▸ **TASK STATEMENT**: From the material below, set down exactly the lines that run from the one containing "customer-service-skills-needed-infographic" to the one containing "Samsung Galaxy Z", minus the pictures.

▸ **SOURCE INFORMATION**:
- - -

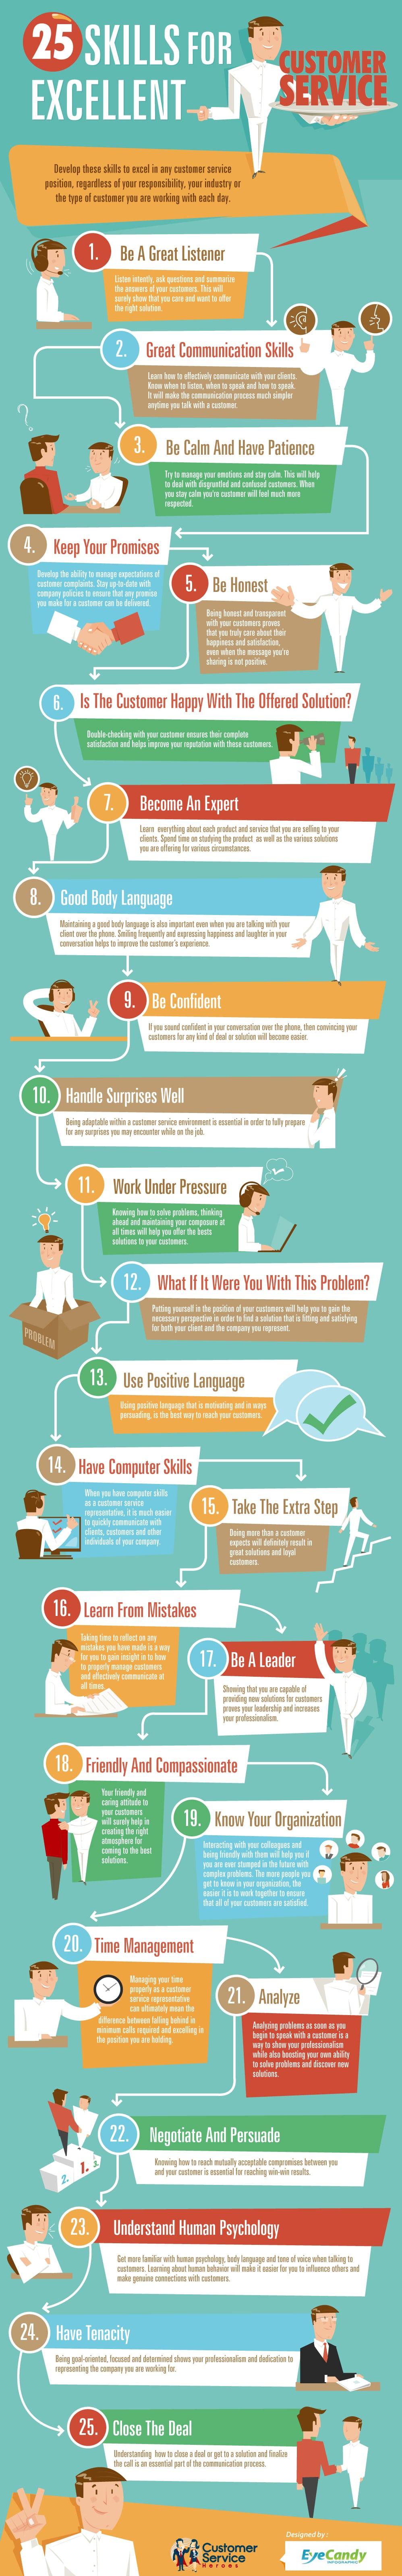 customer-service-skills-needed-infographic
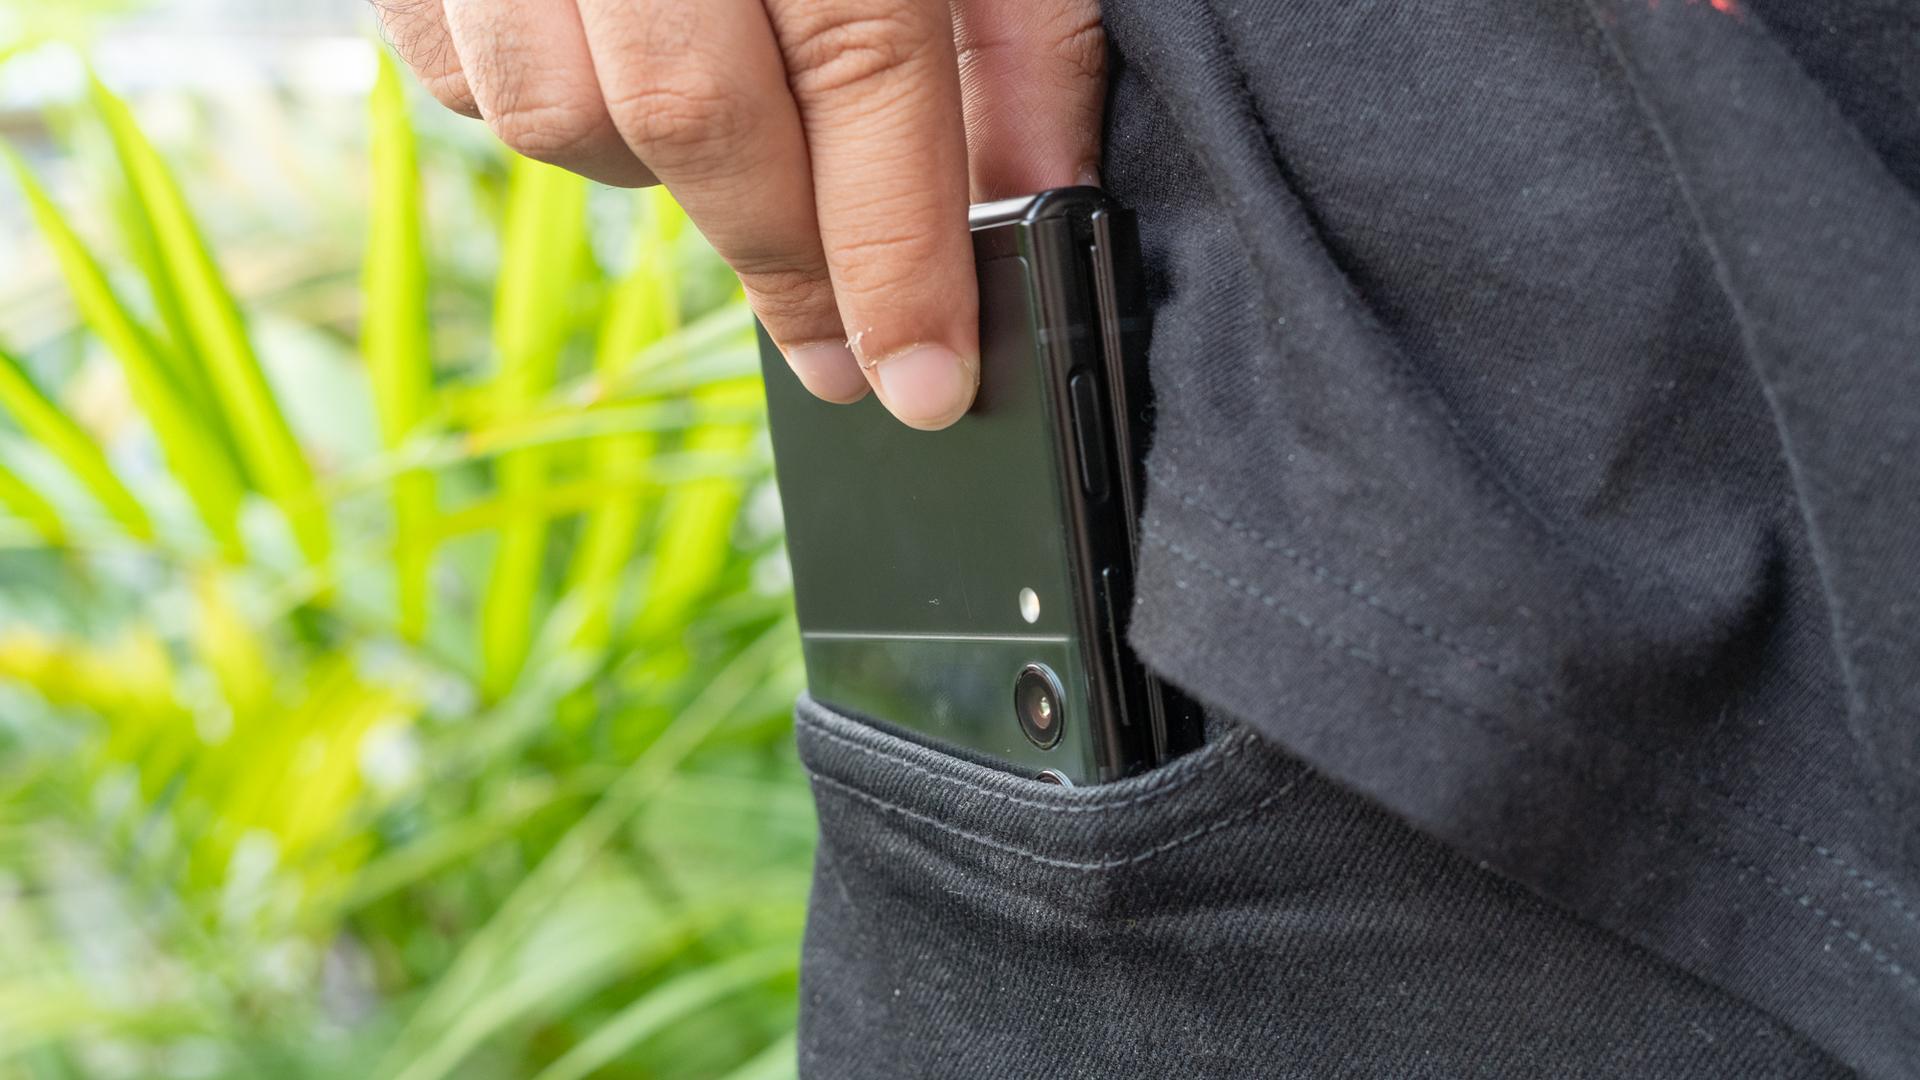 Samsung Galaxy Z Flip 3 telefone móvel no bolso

- - -

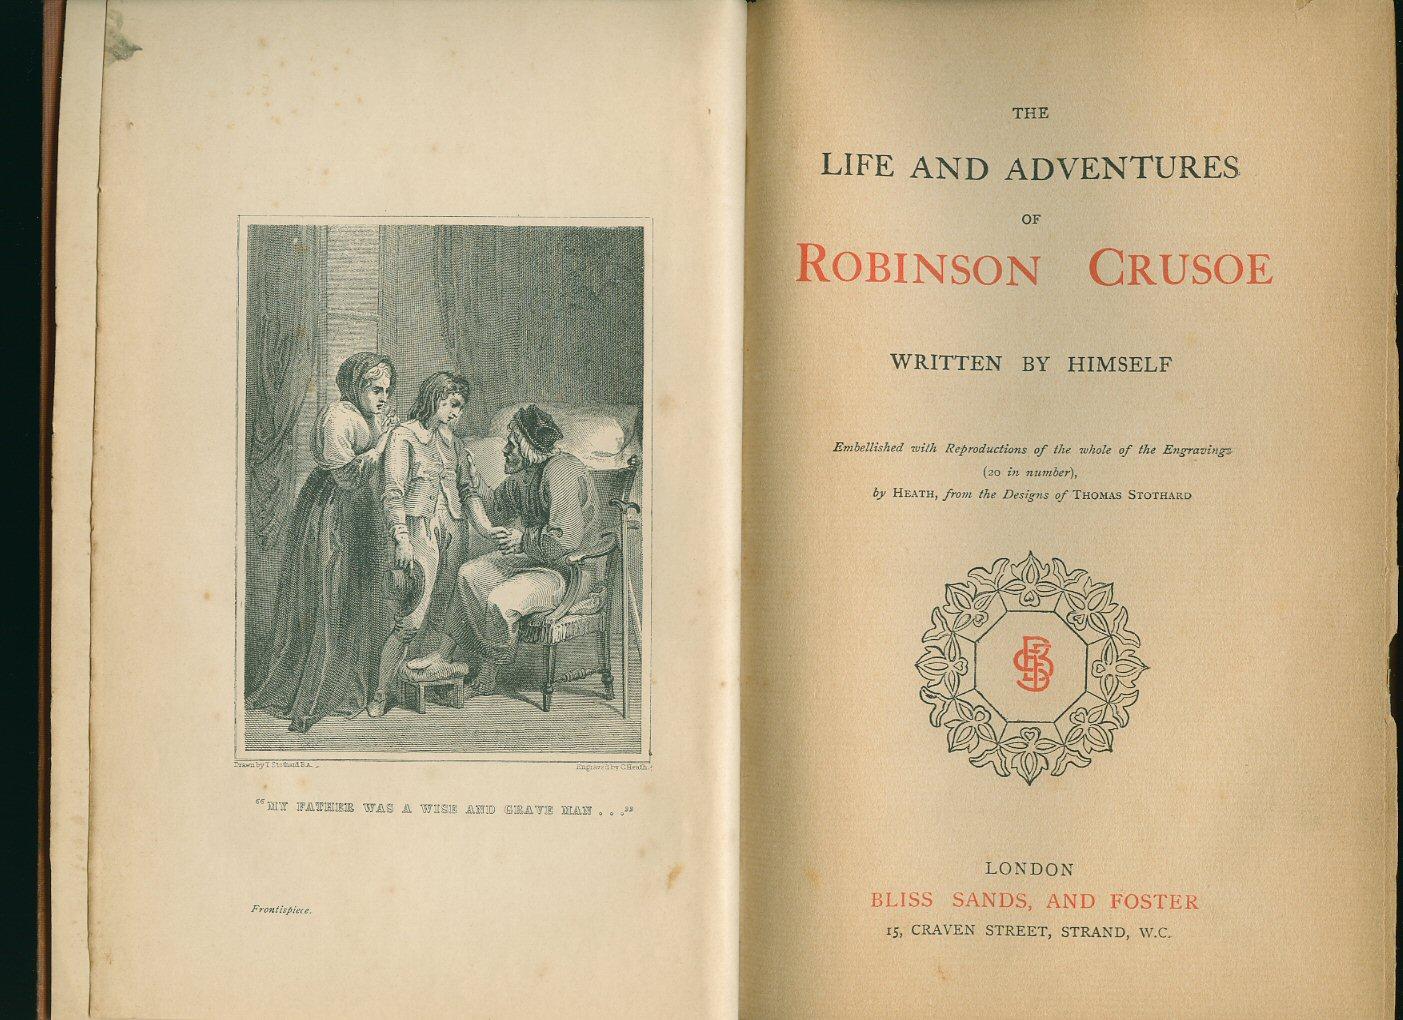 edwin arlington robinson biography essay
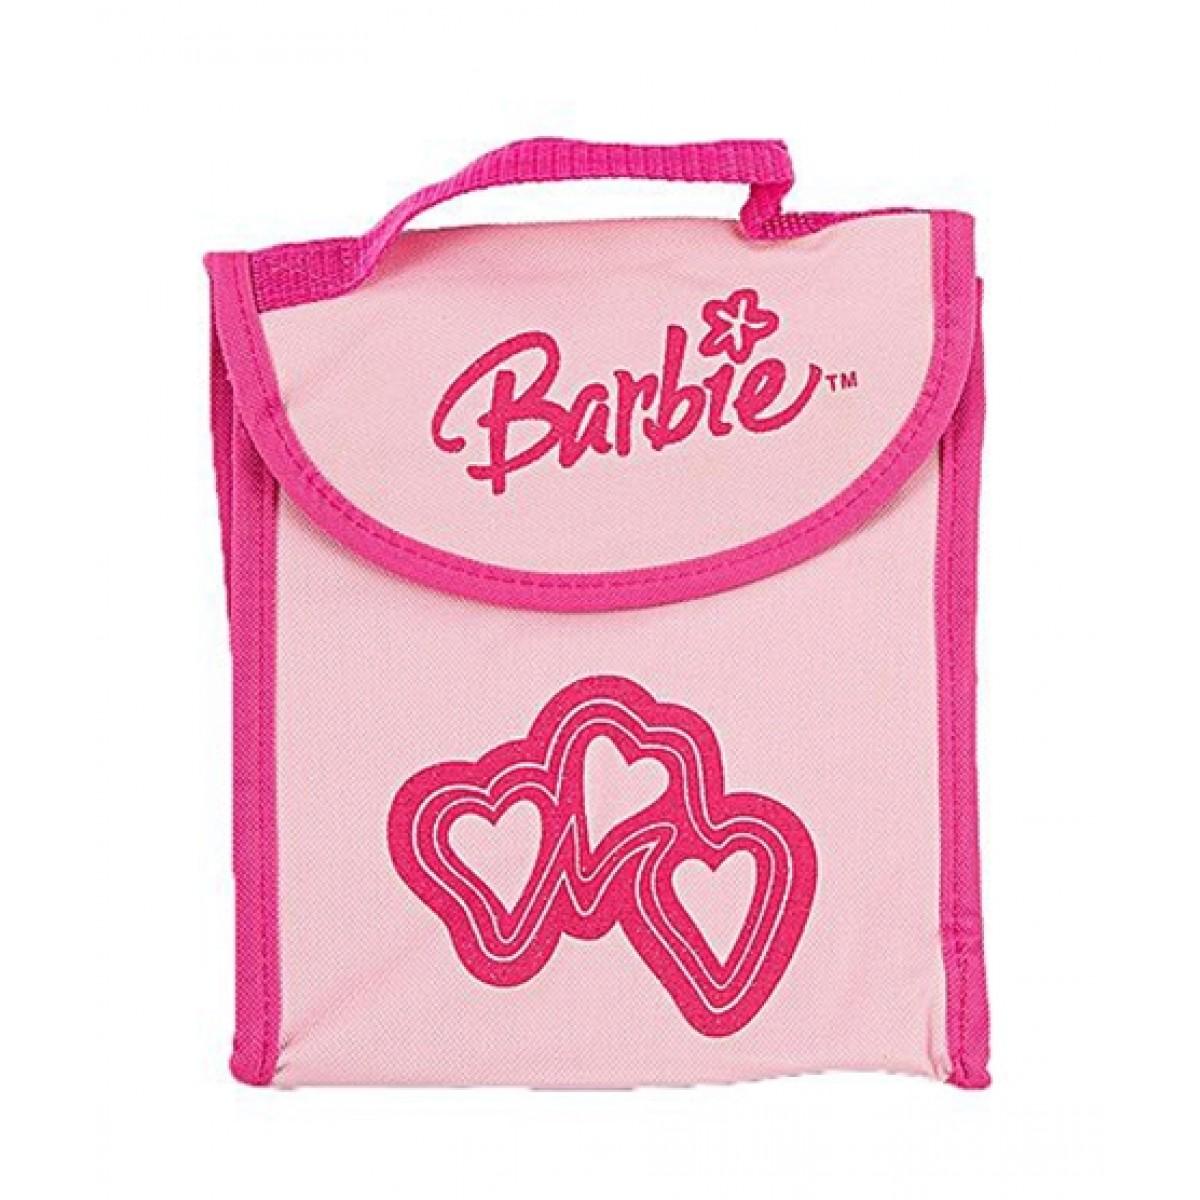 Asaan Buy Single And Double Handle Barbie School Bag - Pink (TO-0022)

- - -

▸ **REPLY TO THE TASK**:
 customer-service-skills-needed-infographic
 Samsung Galaxy Z Flip 3 telefone móvel no bolso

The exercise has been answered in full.